Review 1982 : Tenebro – Ultime Grida Dalla Giungla

Tenebro marche fièrement vers son deuxième album.

Après des débuts difficiles, le groupe dont les premières traces remontent aux années 2000 créé par Il Becchino (tous instruments/chant), et finalement rejoint en 2019 par Il Beccamorto (basse/batterie, Celebrarian, Engrosso, Sepolcro…) continue sa collaboration avec Xtreem Music pour la sortie d’Ultime grida dalla giungla.
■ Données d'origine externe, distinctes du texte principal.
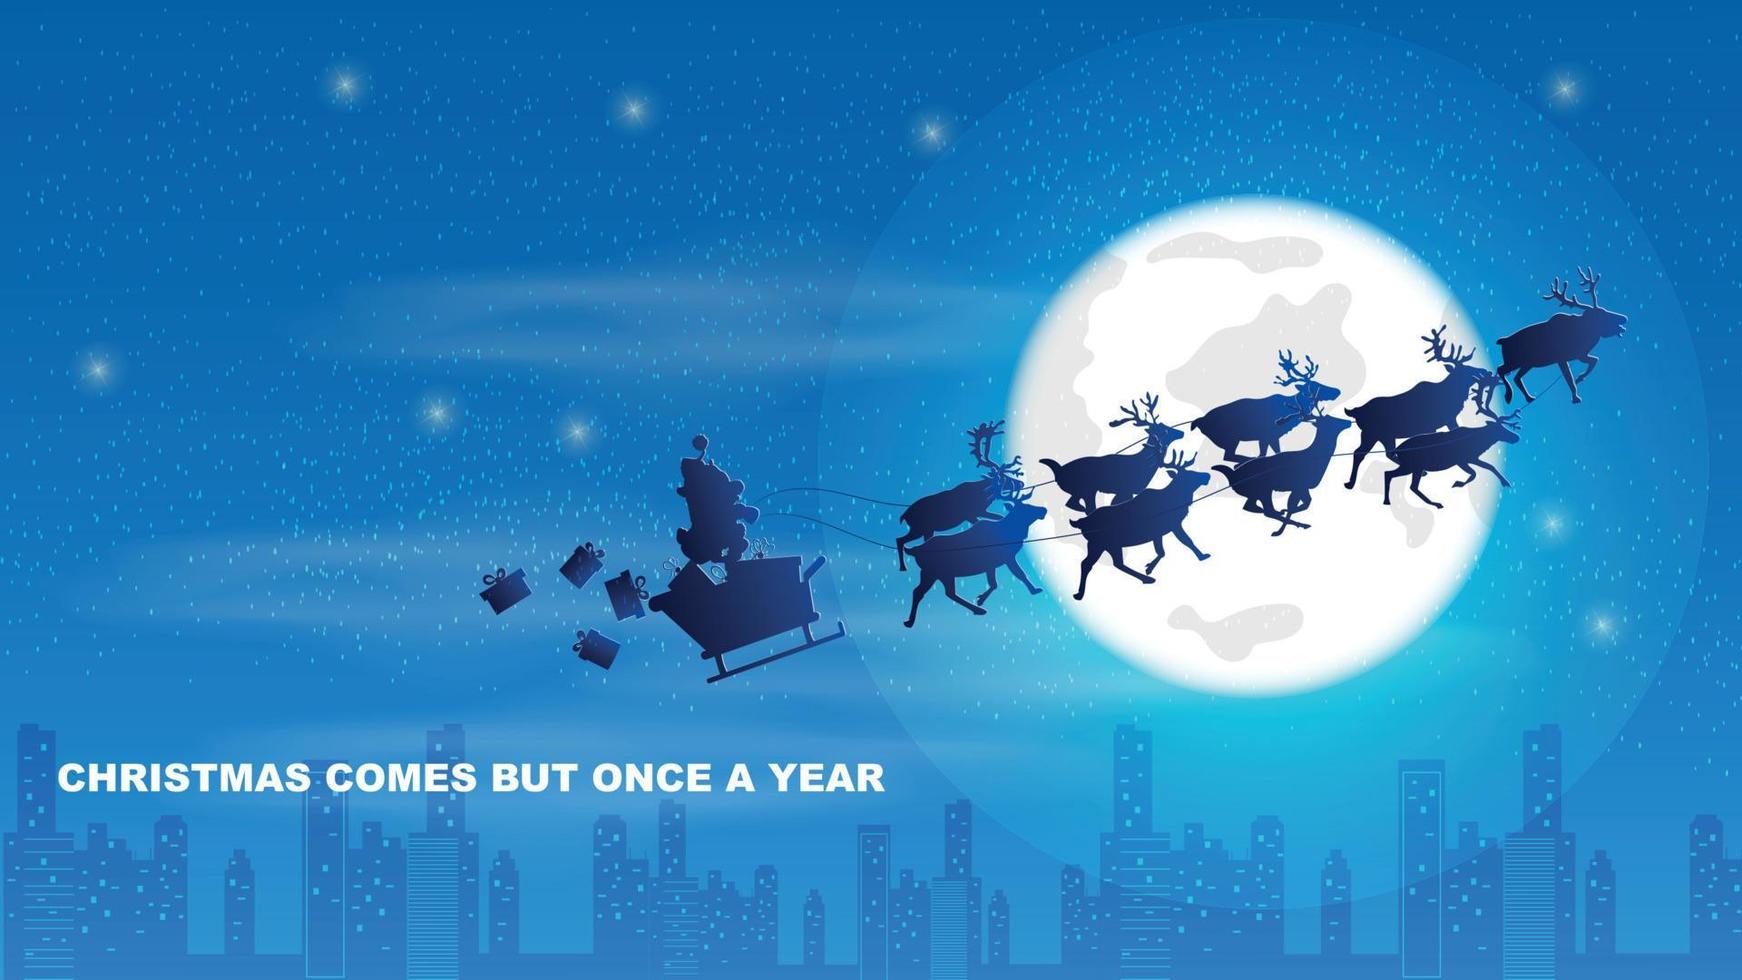 ilustración de navidad y año nuevo un equipo de renos lleva a santaclaus en el cielo nocturno contra el fondo de la luna sobre la ciudad nocturna vector

L’album débute avec Ferox et son sample introductif, qui évoque le cannibalisme avant qu’un duo basse/batterie groovy ne vienne proposer de la lourdeur, suivi par la guitare criarde qui deviendra rapidement accrocheuse. Les quelques grognements s’intègrent très bien à la vague de rage qui nous mène à Lo Squartamento della Tartaruga et à son approche relativement plus énergique et saccadée, laissant le duo évoluer à un tempo assez élevé. Le morceau est court, forçant le groupe à ne pas nous laisser un seul temps mort avant que Feto Strappato e Gettato nel Fango ne prenne sa place, apportant également sa dose de saturation écrasante et ses sonorités horrifiques, que ce soit par les samples ou le chant. Le titre progresse assez régulièrement jusqu’à Khakhua, qui va profiter d’une batterie ravageuse pour nous piétiner pendant que les riffs restent efficaces, ralentissant pour accueillir des cris samplés avant de repartir sur Ultime Grida dalla Giungla, le titre éponyme, et ses patterns enjoués malgré l’approche Old School assumée. Le son va devenir beaucoup plus lourd, puis plus inquiétant avec les éléments terrifiants et dissonants, puis les riffs explosent à nouveau avant que Pellicola Maledetta ne prenne part au massacre d’abord à pleine vitesse, puis avec une rythmique solide mais plus mesurée. Il Ritrovamento della Donna Impalata débute sur des riffs plus lancinants, troublés par une double pédale et un blast dévastateurs, apportant un contraste avec le reste du titre, qui va rester ancré dans la dissonance avec A Caccia… di Umani., avant d’accélérer pour devenir beaucoup plus brutale. Le groupe conserve son approche pachydermique avec Il Paese del Sesso Selvaggio, une composition relativement efficace qui place des harmoniques déchirantes dans sa marche, puis avec Massacro della Trouppe et ses interventions vocales plus sauvages et diversifiées. Côté rythmique, le groupe reste sur de l’efficacité brute et sous-accordée, tout comme sur Oscuro Rito Sessuale, le dernier morceau, qui propose une approche plus agressive et remuante, tout en restant dans les sonorités grasses.

Ultime Grida Dalla Giungla est le parfait compromis entre un film d’horreur gore et le Death Metal. Bien que Tenebro n’en soit pas à son coup d’essai, il s’approprie aisément les deux genres et nous sert une tranche de graisse et de violence bienvenues.